Simplistic arithmetic based on this study suggests that any given moment, because of UIC there are about 600,000 people not working, who would be working without it. (.004 times the U.S. work force of 150 million.) That sounds like a lot, and it’s certainly enough to inflame many people’s hot-wired “cheater resentment” genes.
But I say: Get Over It. They’re a tiny percentage, and in the big picture the effects are trivial. The shortage-of-job-openings effect utterly dwarfs the “laziness” effect.
Maybe my resentment genes are pathologically inoperative, but these numbers do a hell of a lot more to light up my compassion genes — compassion for the 14.4 million hard workers who are protected from personal economic meltdown, resulting from an economic catastrophe that was none of their doing. (I won’t even start on how the whole economy is better off as a result of their spending.)
If 600,000 people at a time get a week and a half of extra leisure along the way — the kind of extended leisure time that I, lucky soul, have been blessed with throughout my life — I say more power to ’em.
Cross-posted at Aysmptosis.
Even thinking that theat 1.6 weeks is evidence of the number of deadbeats is misguided.
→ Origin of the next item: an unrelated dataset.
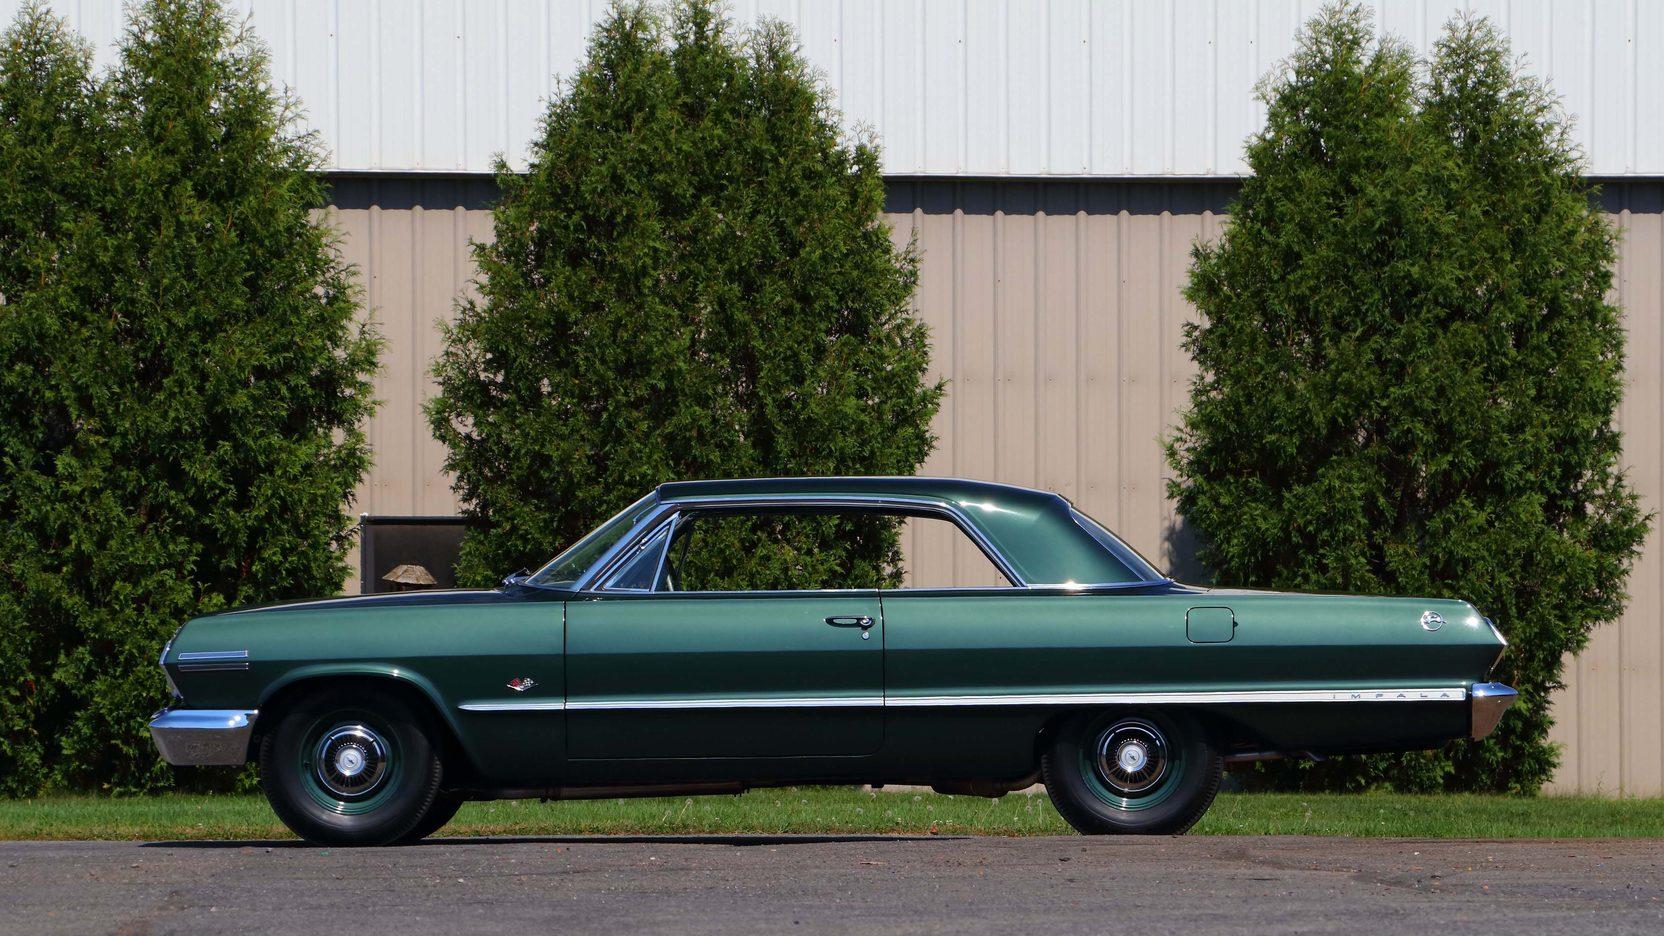 1963 Chevrolet Impala side profile

UI helps make sure that emplyees have time to find the right job. Taking a lousy job that is a misfit ensures another job change in the future. Taking an extra couple weeks to find the right job is a good thing. It is particularly good for employers (who are the ones funding UI in normal times).
There are deadbeats, but they are far more uncommon than some people like to believe.
Arne
said what I was going to say. Being unemployed is no fun. Even if you collect an unemployment check.
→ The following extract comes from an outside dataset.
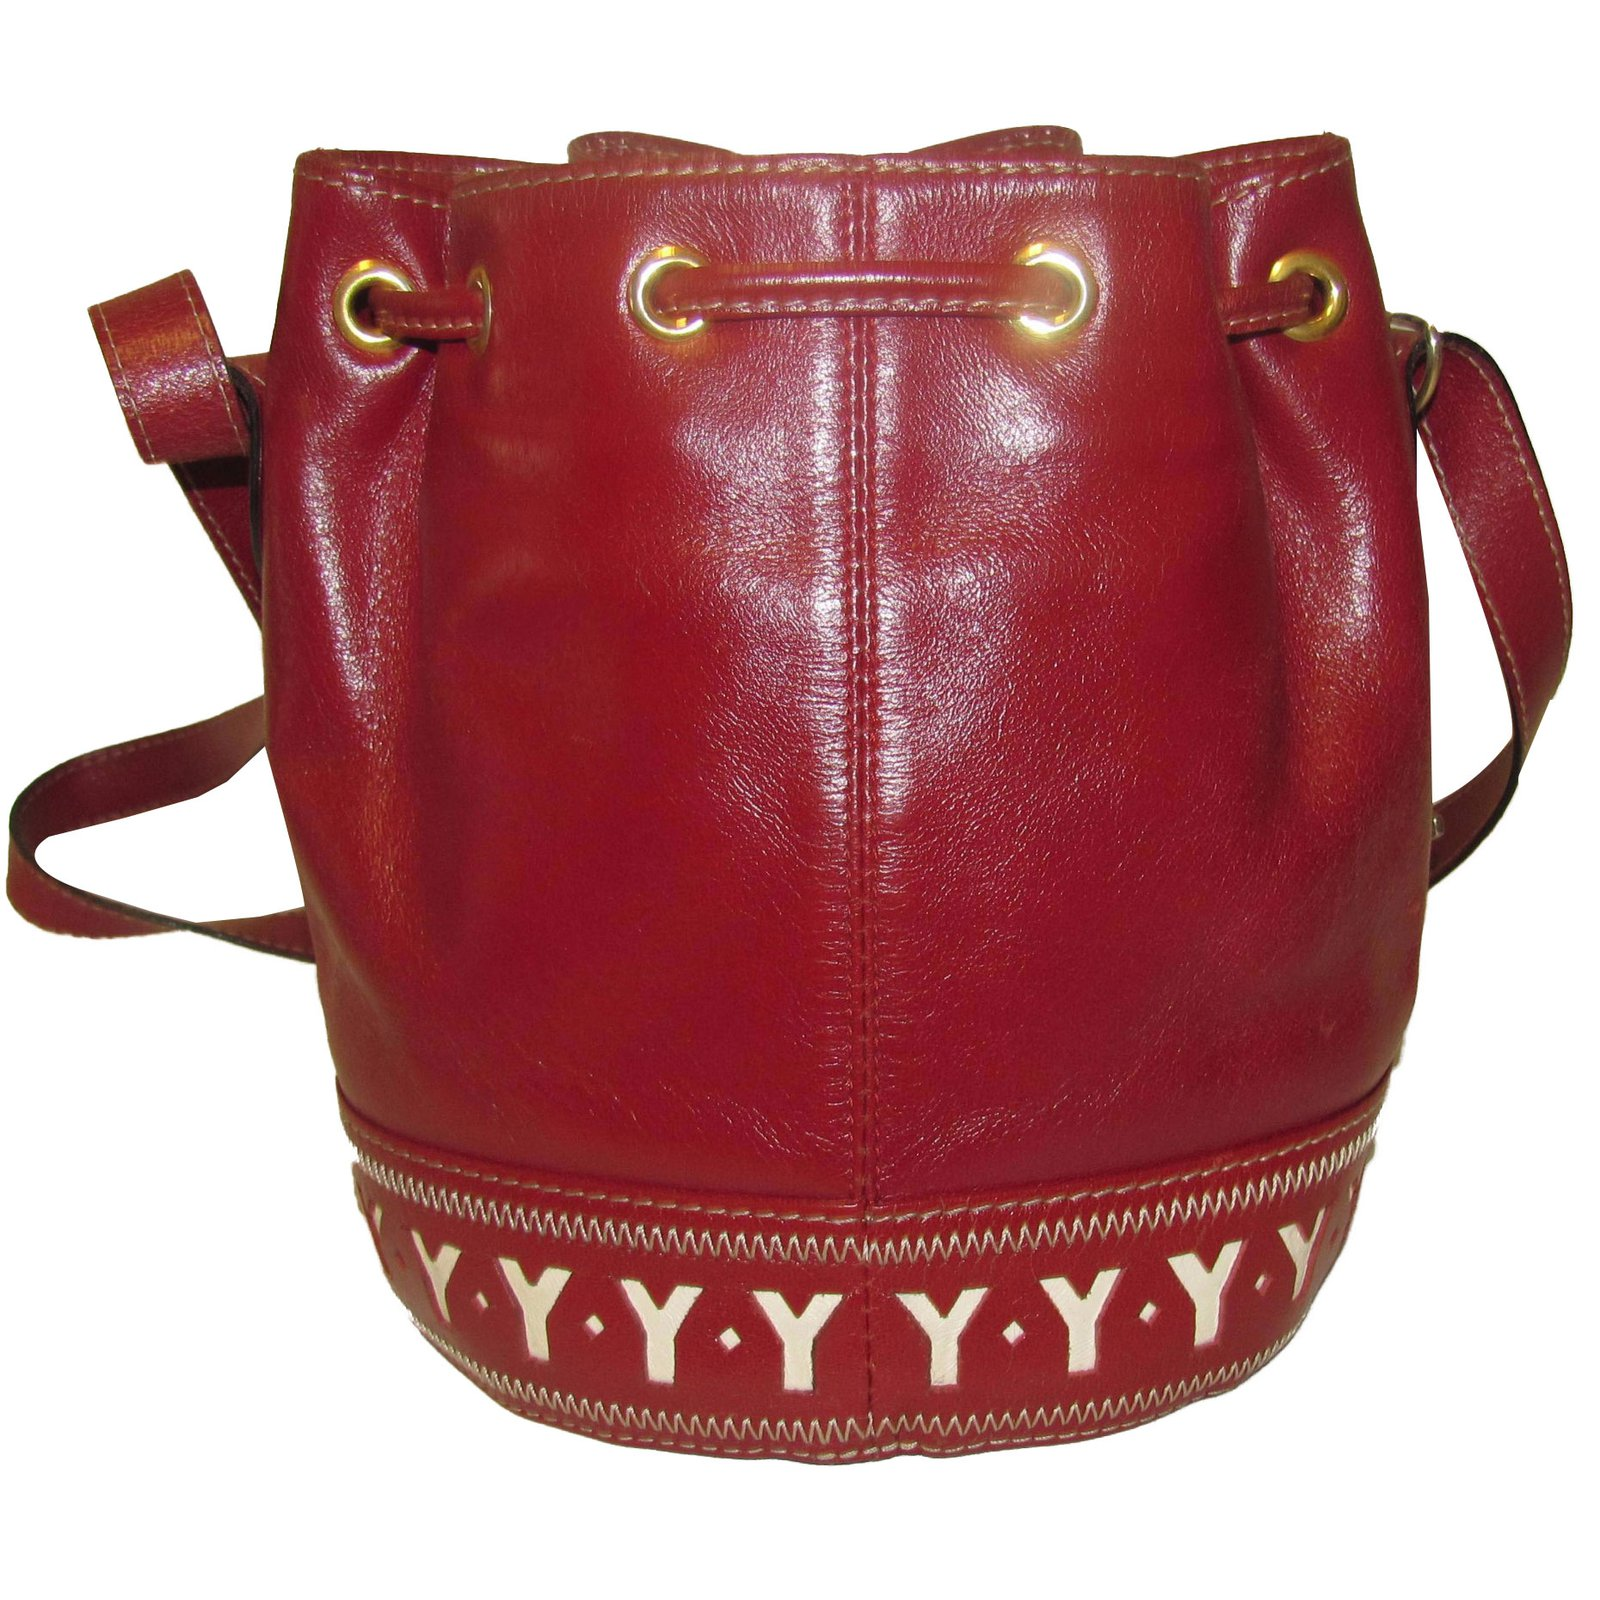 5a341334e7cf Yves Saint Laurent bucket bag Handbags Leather Red

The real point of the essay is to demonstrate that there are damned liars who write this stuff with no other motive than getting paid to lie by people with no other motive than to increase the amount of human suffering in the world.
People were so depressed at the fall of Lehman Brothers they just quit their jobs so they could mourn.
Not.
That Mulligan has any credibility anywhere says something about the “science” of economics.
Taking any old job is mentioned as a possibility by those people who exalt pride and hard work as virtues in themselves. I suppose they are, but most virtues become vices or at least self destructive when followed in the wrong circumstances.
A civil engineer taking a cashier’s job at Wal-mart does at least three bad things by way of this proud willingness to work. (which is oddly also presented as humble – another misused virtue.)
— He wastes his own training and experience for the duration of his stint there.
— He and others like him misrepresent the unemployment rate.
— He fills an employment spot, so it is no longer accessible to another person who may never qualify for a more demanding job.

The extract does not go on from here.